Hai uno stipendio netto di 1.900€ e hai bisogno di 25.000€. Con la cessione del quinto puoi arrivare a circa 380€ di rata — esattamente un quinto. Ma c’è un’altra strada che molti dipendenti pubblici non conoscono: il prestito con deleghe di pagamento. Con lo stesso stipendio, potresti portarti a casa il doppio.
Come funziona la cessione del quinto
Con la CQS classica, il datore di lavoro trattiene ogni mese una quota dal tuo stipendio lordo — massimo un quinto — e la gira direttamente alla banca. Tu non tocchi i soldi, la rata parte in automatico. Non puoi dimenticarti di pagarla. È questo che la rende appetibile alle banche: il rischio di insolvenza crolla.
Con uno stipendio netto di 1.900€, il quinto è circa 380€. Su 10 anni, significa un importo erogato tra 25.000€ e 32.000€ a seconda del tasso.

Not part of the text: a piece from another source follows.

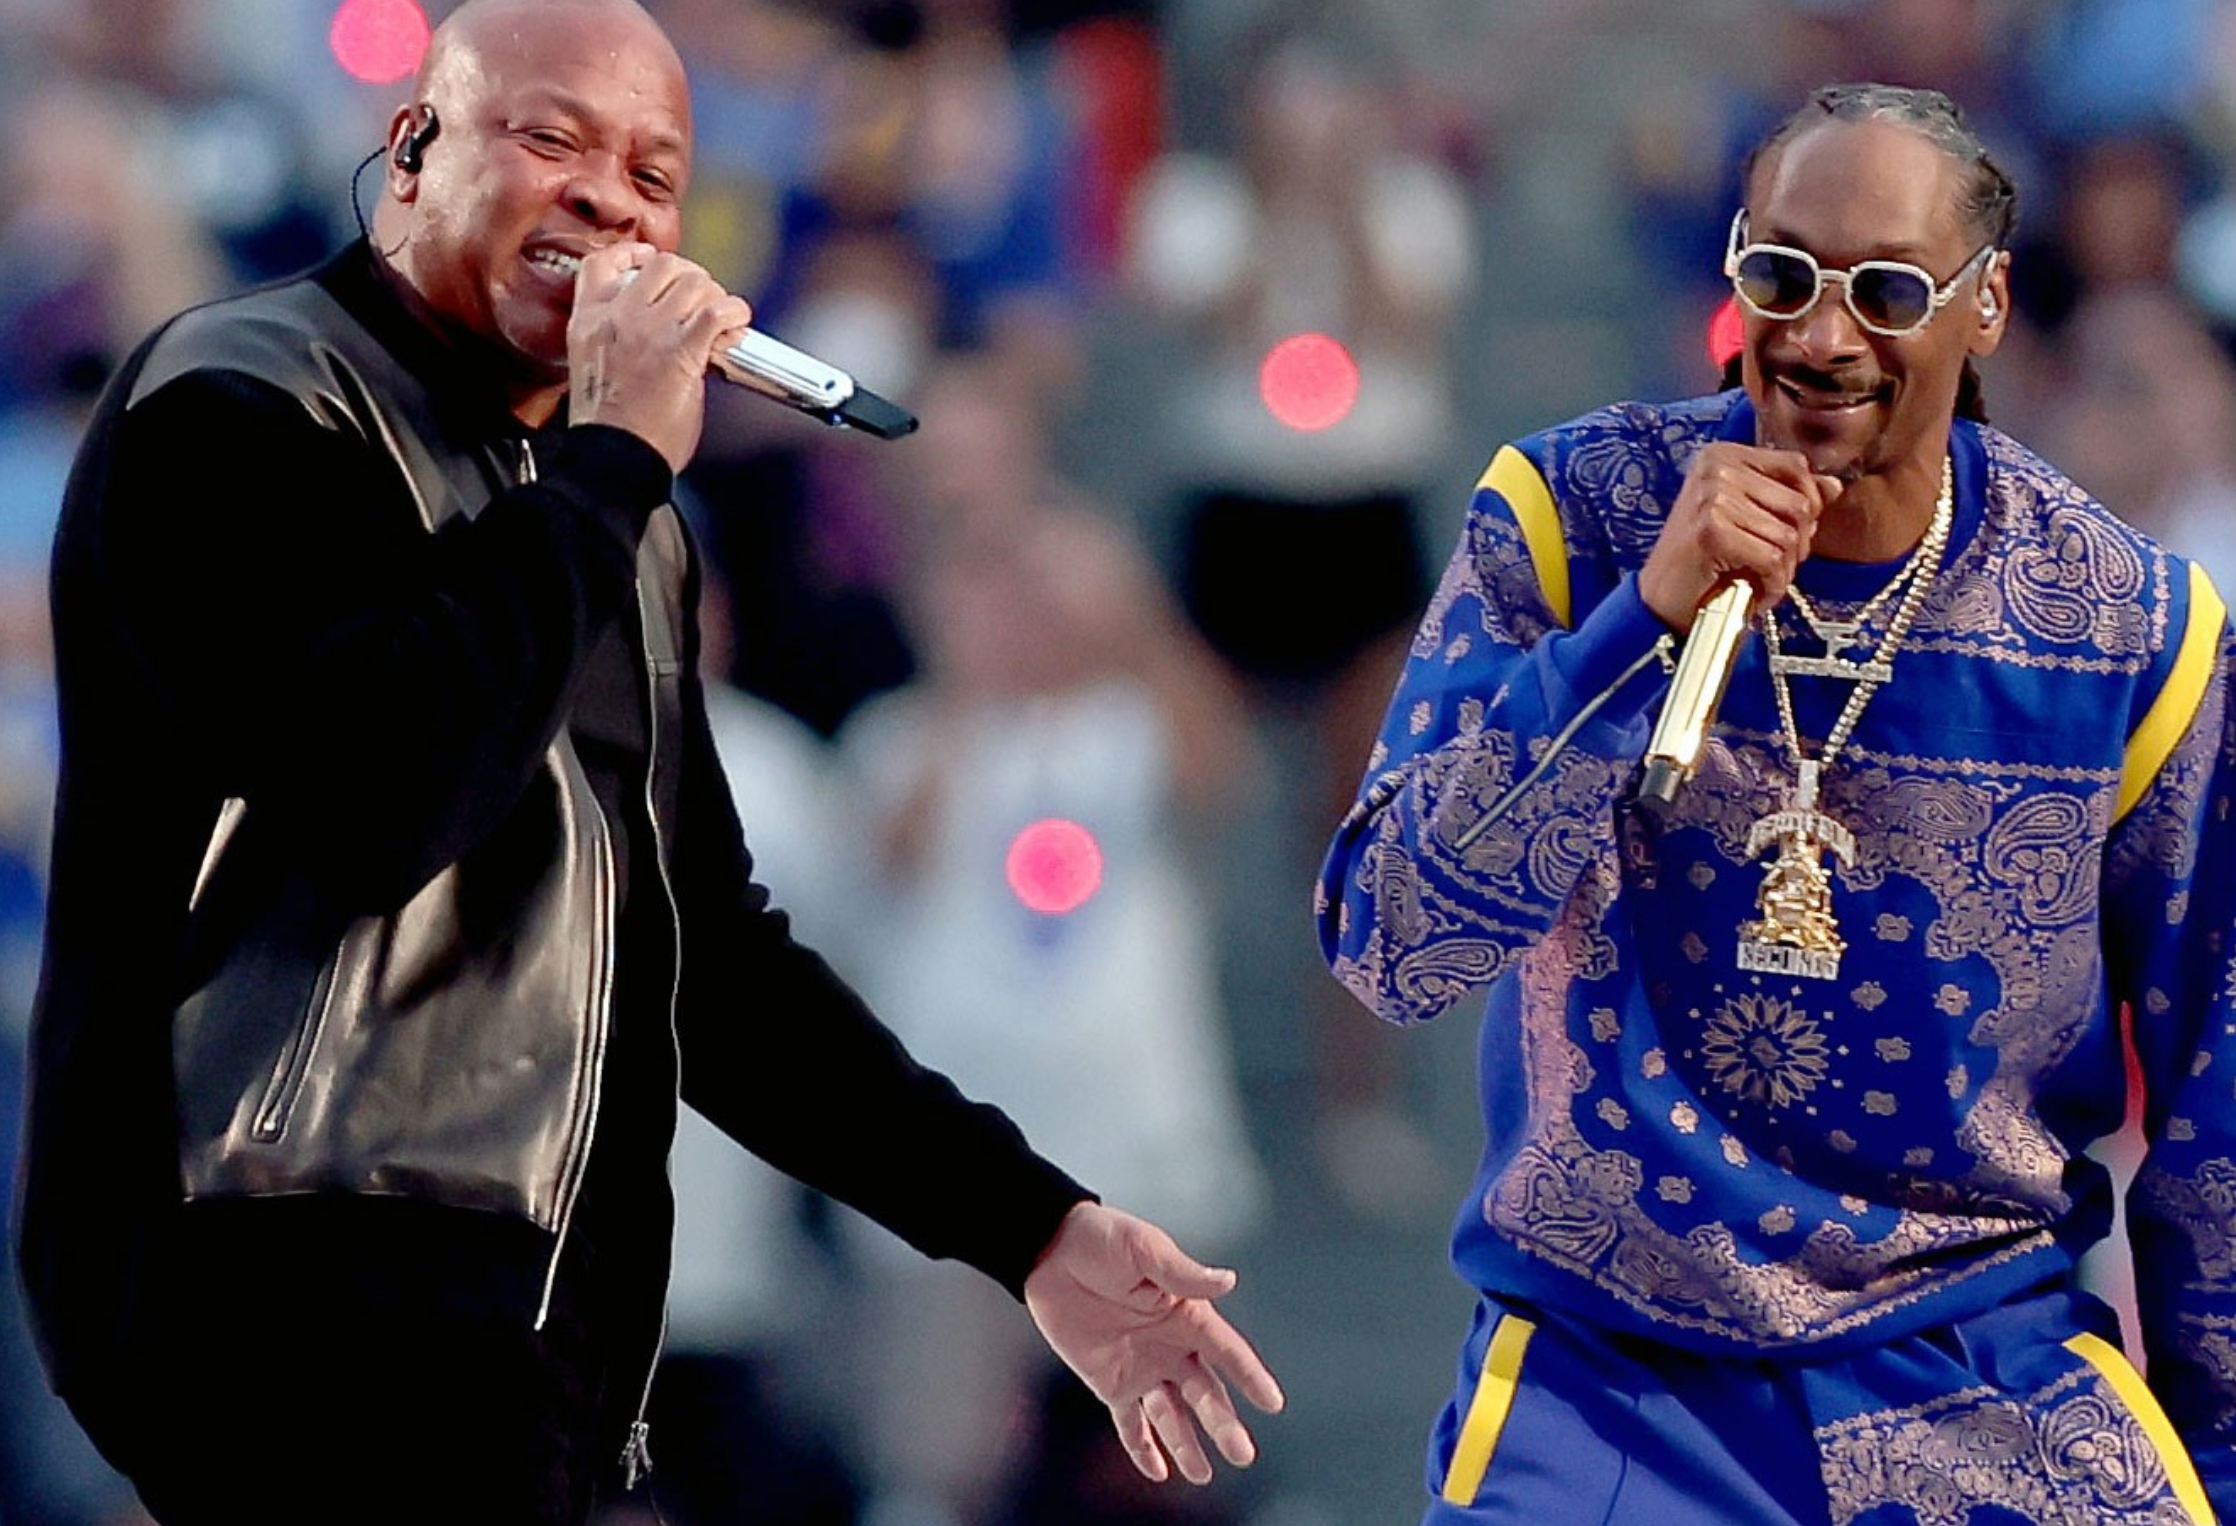 Snoop Dogg Announces New Album 'Missionary' Produced by Dr. Dre

Il prestito con deleghe: come si differenzia
Il prestito con deleghe funziona in modo simile — la rata viene trattenuta alla fonte — ma puoi cedere fino a due quinti dello stipendio. Un quinto per la cessione classica + un quinto come “delega”. Totale: fino al 40% dello stipendio netto.
Con 1.900€ netti, parli di 760€ al mese di rata massima. In 10 anni, arrivi a importi tra 50.000€ e 65.000€.
Chi può accedere al prestito con deleghe
La delega non è garantita dalla legge come la CQS — dipende dall’accordo tra datore di lavoro e istituto finanziario. In pratica:
- Ministeri ed enti centrali dello Stato: di solito sì, le convenzioni esistono
- Comuni e province grandi: spesso hanno accordi; i piccoli no
- ASL e ospedali pubblici: spesso sì, soprattutto per il personale sanitario
- Enti locali sotto 50 dipendenti: molto raro
Come lo scopri? Chiedi all’ufficio personale se l’ente ha convenzioni con banche per prestiti con deleghe. In 5 minuti hai la risposta.
Differenze a confronto
| Caratteristica | Cessione del quinto | Prestito con deleghe |
|---|---|---|
| Rata massima | 20% stipendio netto | 20% + 20% = 40% totale |
| Importo medio (stip. 1.900€, 10 anni) | ~28.000€ | ~55.000€ |
| Chi paga la rata | Datore di lavoro | Datore di lavoro |
| Assicurazione obbligatoria | Sì | Sì |
| Disponibilità | Tutti i dipendenti PA | Solo enti con convenzioni |
Quando conviene la CQS classica
Se hai bisogno di meno di 30.000€, la cessione del quinto è spesso la scelta più semplice. Meno burocrazia, più banche disponibili, tassi competitivi. Anche se il tuo ente non ha convenzioni per la delega, accedi comunque alla CQS.
Quando conviene aggiungere la delega
Hai già una cessione del quinto in corso e vuoi liquidità extra? La delega è lo strumento giusto. Oppure hai bisogno di un importo importante — ristrutturazione, spese mediche, estinzione debiti — e il solo quinto non basta.
Attenzione: con il 40% dello stipendio impegnato, controlla che il residuo ti permetta di vivere bene. Con 1.900€ netti, dopo 760€ di rata ti restano 1.140€. Non è poco, ma dipende dalle tue spese fisse.
Tassi: sono diversi?
I tassi sul prestito con deleghe sono in genere leggermente più alti rispetto alla cessione classica, tra 0,5 e 1,5 punti percentuali di TAN. Non tantissimo, ma su importi alti pesa. Esempio: 50.000€ a 10 anni con TAN 7% = rata ~580€. Con TAN 8,5% = rata ~620€. Su 120 mesi parliamo di circa 4.800€ in più.